Torts Class Notes 10/28/03

 

Review

 

The original rule for proximate cause is captured in Polemis: the direct causation rule.  In Polemis, a sailor is negligently carrying a plank which is dropped onto petrol vapors and a fire results.  It doesn’t matter that the ship catching on fire is not foreseeable, it only matters that dropping the plank let to the ship burning.

 

Thus, the Polemis test is:

 

1.     Was the defendant negligent?

2.     Was the defendant’s negligence a direct cause of the damages?

 

Under Polemis, Wagon Mound No. 1 would have come out differently.

 

Instead, the court adopted a new test: Ex ante, before the accident happens, what would a reasonable person foresee as the kinds of harms that might occur stemming from that negligent conduct?  An explosion due to a negligently carried plank is not foreseeable harm.  Thus, by the rule of Wagon Mound No. 1, Polemis would have gone the other way.

 

In Wagon Mound No. 1, you can look at the circumstances surrounding the accident to find out if the risk was really foreseeable.  Wagon Mound No. 2 comes out a different way based on different lawyering.

 

Typically, you would think that the risk of spilling oil would be fouling the dock, but not burning it.

 

You have to draw the line somewhere.  But if all you have to claim is economic harm, you’re very unlikely to recover under foreseeability analysis.

 

If you say that one of the foreseeable risks of doing X is Y and Y actually somehow occurs, then you’ll have liability.

 

You don’t have to foresee the intentional criminal acts of third parties unless there is reason to be on notice that such behavior occurs.

 

Should it matter whether the manner of the occurrence of the harm is different than what we expected?  It doesn’t matter how it happens as long as we could foresee that it would happen.

 

What will a reasonable person want to avoid?  Say, for example, burns and falls.  Therefore, they won’t leave paraffin lanterns around a manhole.  What courts say is that if expected things happen in an unexpected manner, you’re still liable.  We want defendants to prevent things that might cause harm.

 

Palsgraf v.
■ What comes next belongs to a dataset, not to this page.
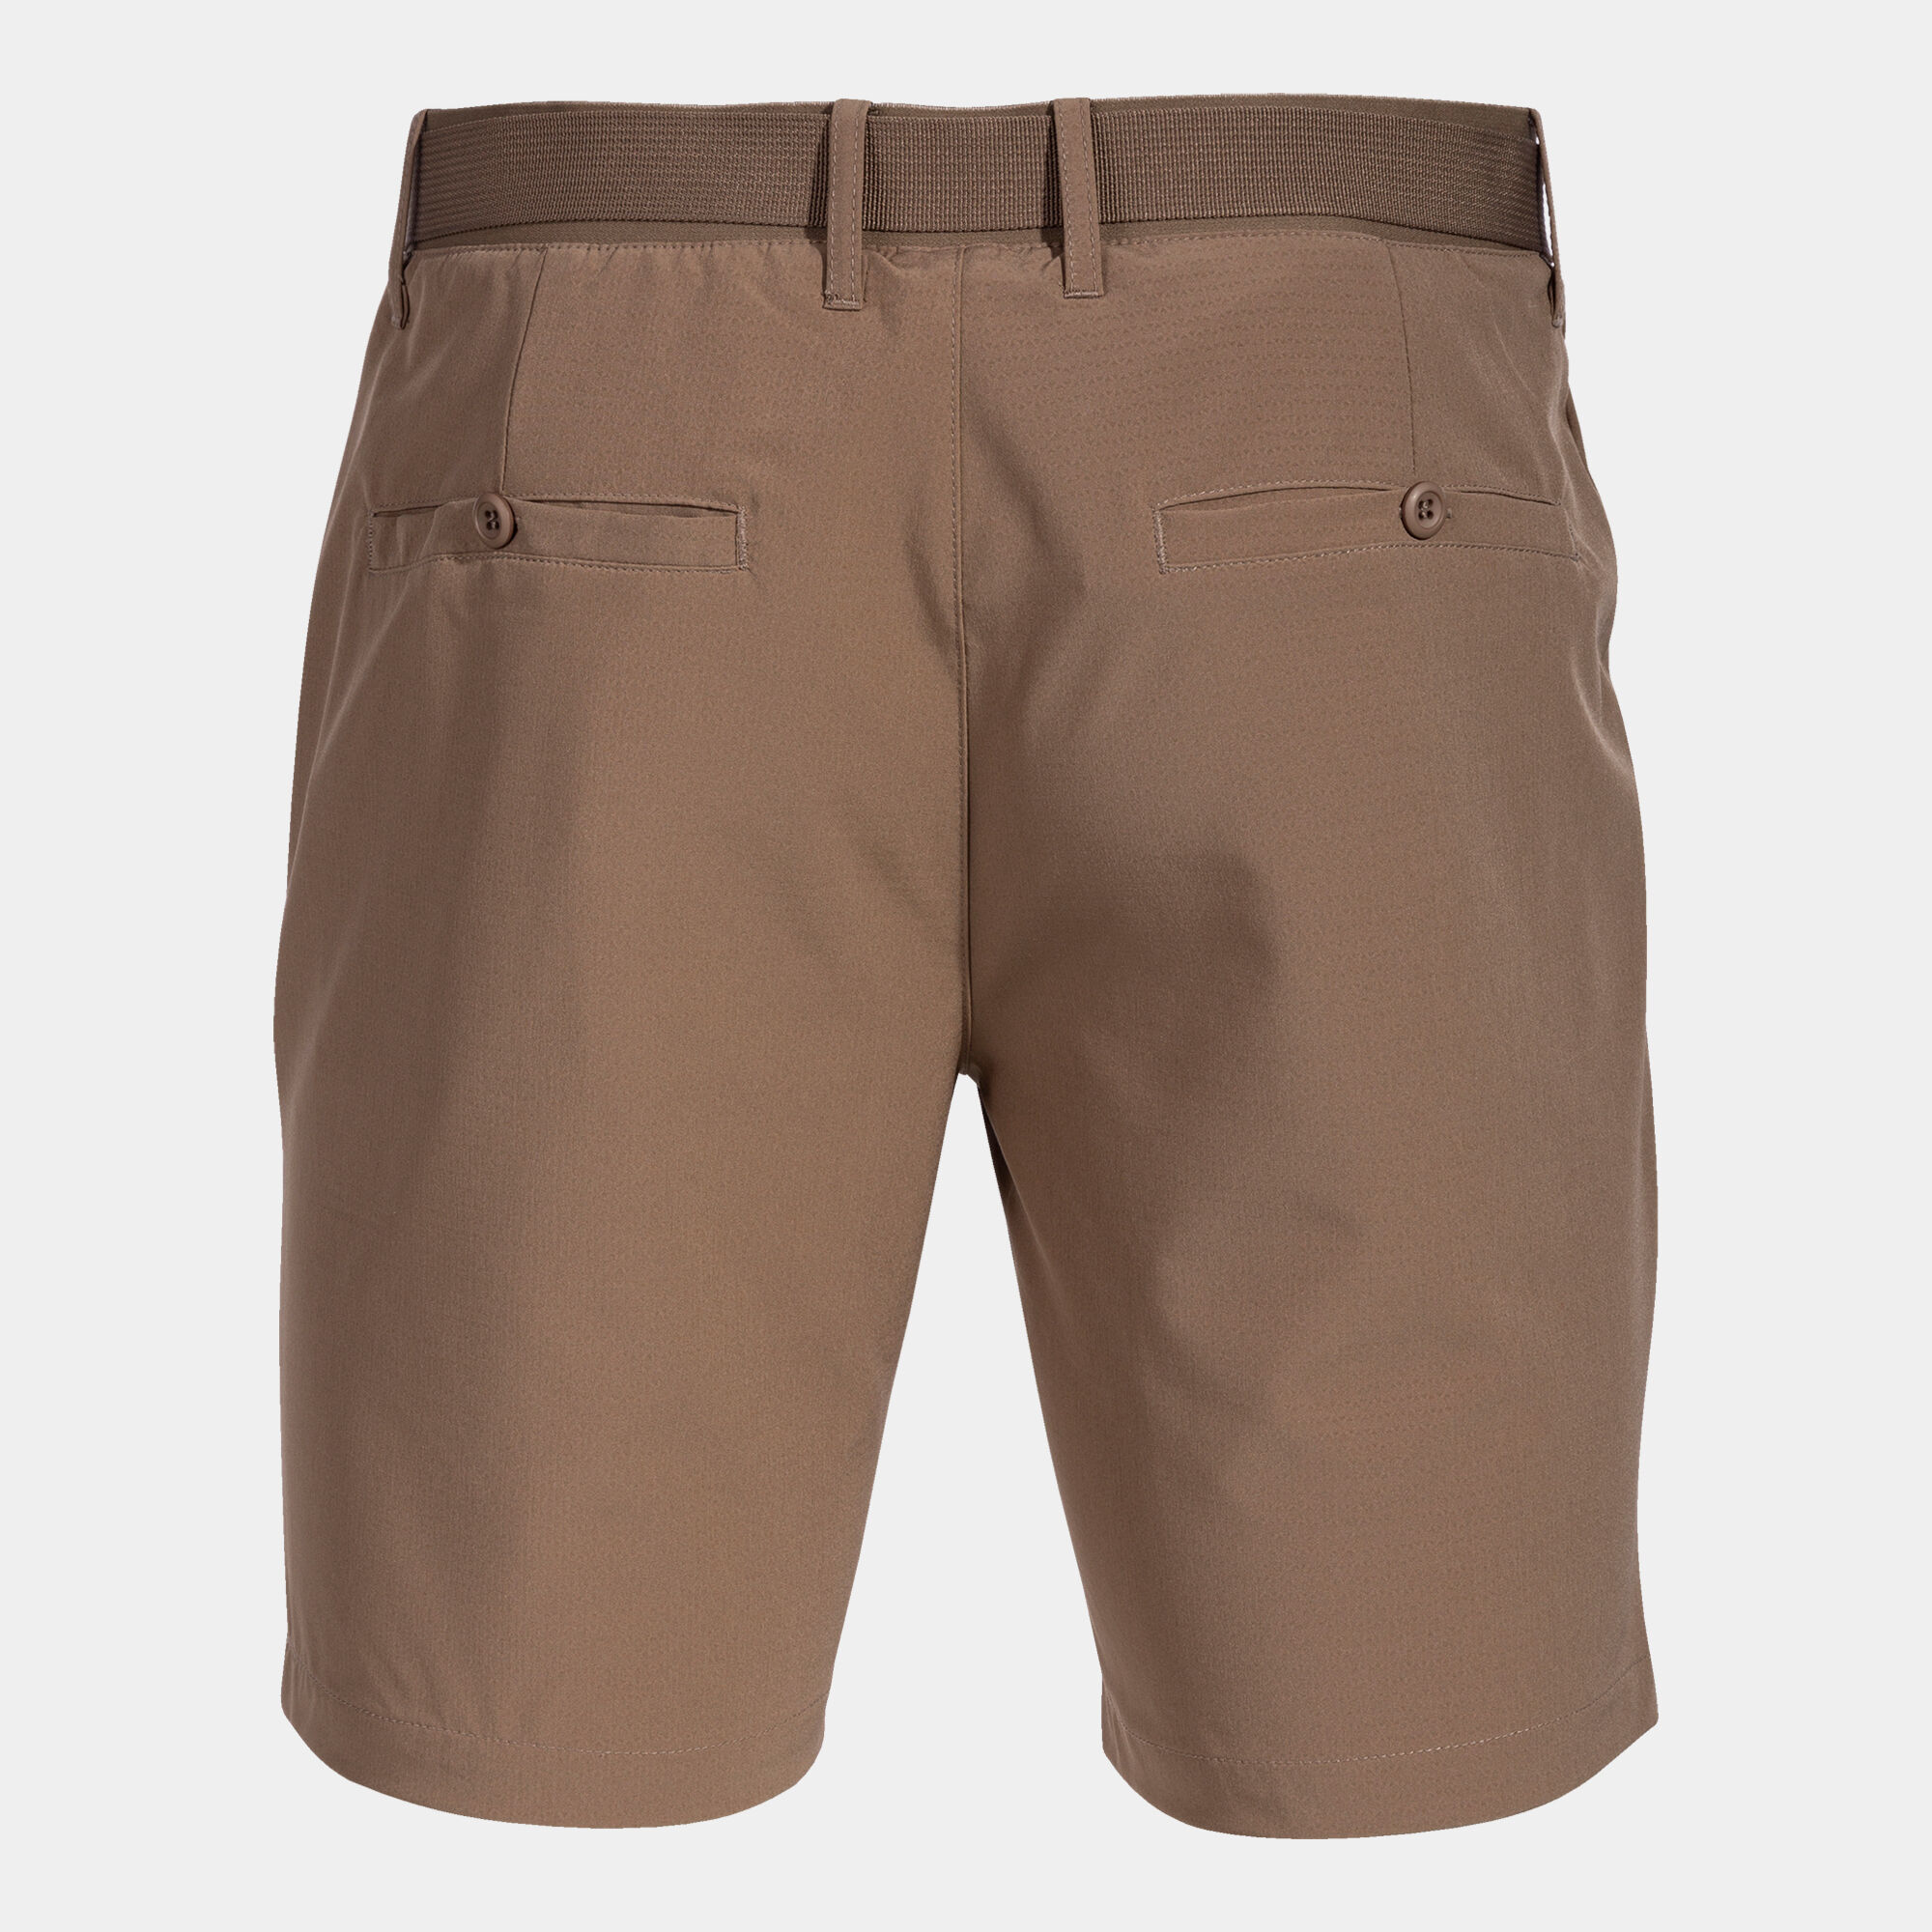 Bermuda shorts man Pasarela III brown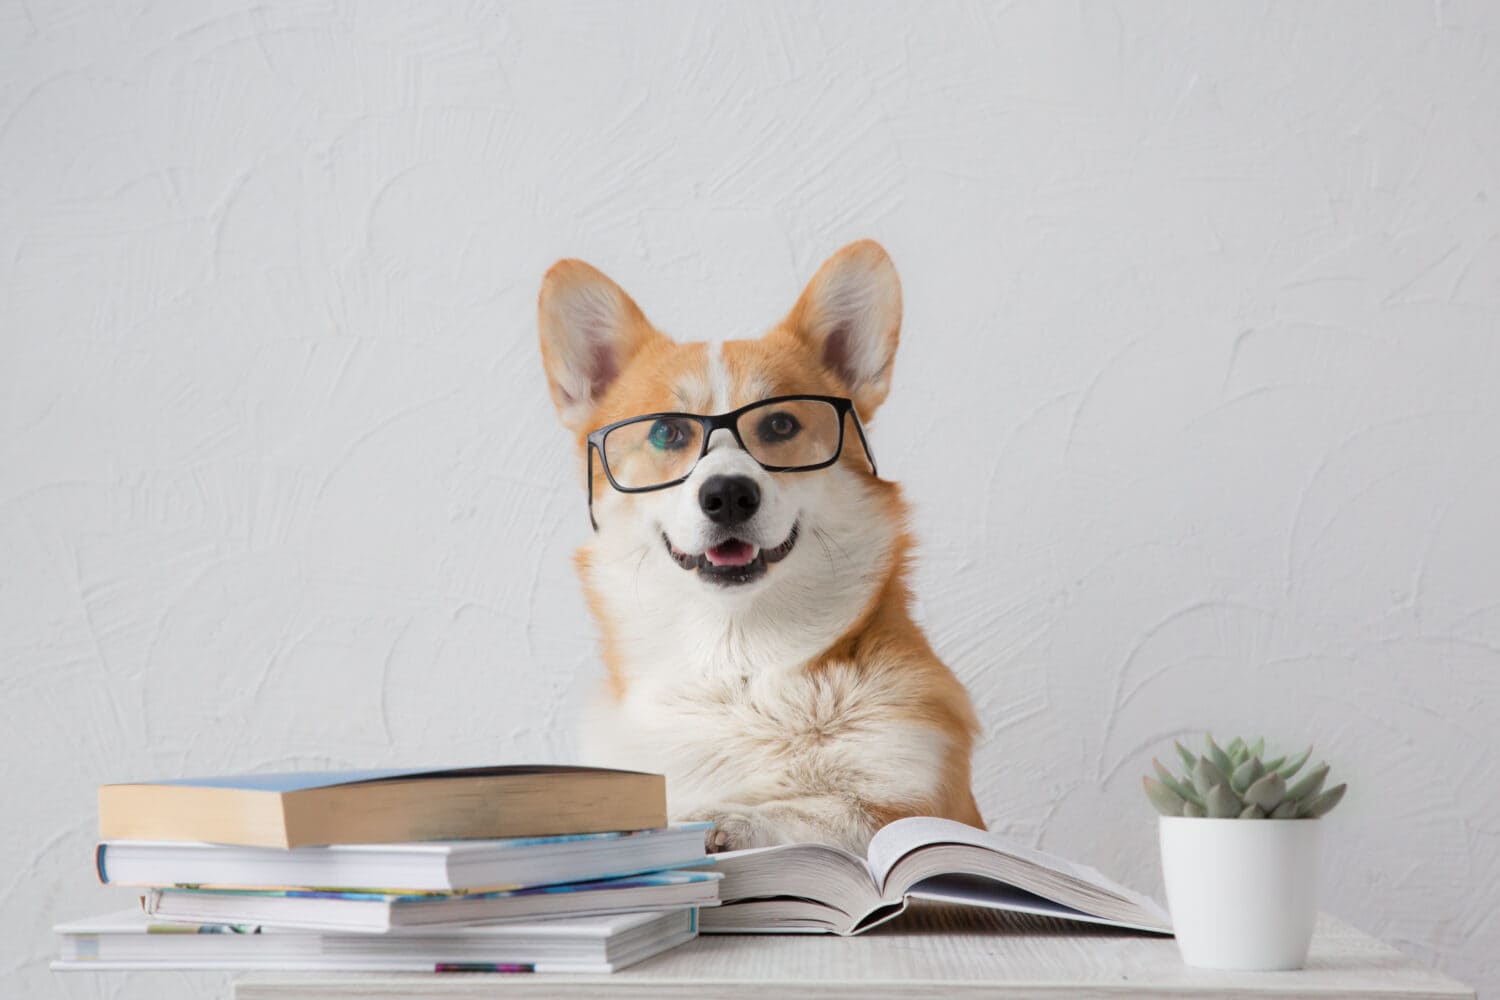 Cane corgi intelligente e divertente con gli occhiali seduto con i libri, che legge e studia sorridente su sfondo bianco

Long Island R.R. Co.

 

Everybody’s most favorite and most famous first-year case in the world!

 

What did the railroad do wrong?  What’s their negligence?  Was it negligent to assist the fireworks guy on the train?  Perhaps the negligence was the railroad worker who pushes the guy onto the train, or perhaps the negligence was the person who pulled him on the train.  There is some dispute about this between reputable scholars.  It wasn’t so much that they were negligent about what was in the package.

 

Why is it important that the package was nondescript?  What does Cardozo say the issue is here?  Cardozo wants to know whether the railroad worker had a duty to the plaintiff.  That’s not a proximate cause issue at all.  Cardozo finds that the defendant has no duty to the plaintiff related to falling scales.

 

What are the risks of the defendant’s negligent conduct?  Maybe the fireworks guy could fall off the train.  Maybe the package could be damaged.  The risks from the defendant’s negligent conduct basically all involve the falling down fireworks guy.  The defendants couldn’t have foreseen the explosion and the way the injury occurred to Mrs. Palsgraf.  Cardozo says that she is an “unforeseeable plaintiff”.

 

What relationship does the defendant have to this plaintiff?  The defendant must consider the risks to Mrs. Palsgraf that are foreseeable.  Is it even clear that the railroad workers acted unreasonably anyway?

 

Is there the possibility of transferred negligence?  What does the court say about this theory?

 

What distinguishes crimes and intentional torts from negligence?

 

Most of the time, the package won’t contain fireworks, and even if it is, most of the time the scales won’t fall (and maybe they didn’t anyway).

 

We want to draw lines so we can create incentives for appropriate behavior.

 

One thing doesn’t come up in this case: the railroad is a common carrier.  Therefore, the railroad has a duty to Mrs. Palsgraf.  That would have been an alternative way to litigate this case.

 

What would be the result of this case under Polemis?  There was a natural sequence of events leading to Mrs. Palsgraf’s injury.  Therefore, under the old rule, the railroad would be liable.

 

The Andrews dissent is famous.  What does Andrews propose?  He gets more into the causation issue.  Andrews introduced the concept of the “zone of danger”.  If you’re within the “zone of danger” created by the defendant’s negligent conduct, then the defendant will be liable for your harm.

 

The Andrews view is not the dominant view.  Many people are concerned that there are many potential plaintiffs who are not allowed to recover under the majority rule that ought to be able to recover.

 

Cardozo analyzes the case as a question of duty (which is a question for the judge), while Andrews analyzes the case as a question of causation (which is a question for the jury).  Determinations of duty are based on precedent and are thus more predictable.

 

What is the defendant’s duty?  Liability follows duty.  The question is whether there is a legally recognizable relationship between the defendant and the plaintiff.  The risk reasonably to be perceived defines the duty to be obeyed.

 

In the dissent, Andrews says that proximate causation, rather than duty, should be the rule.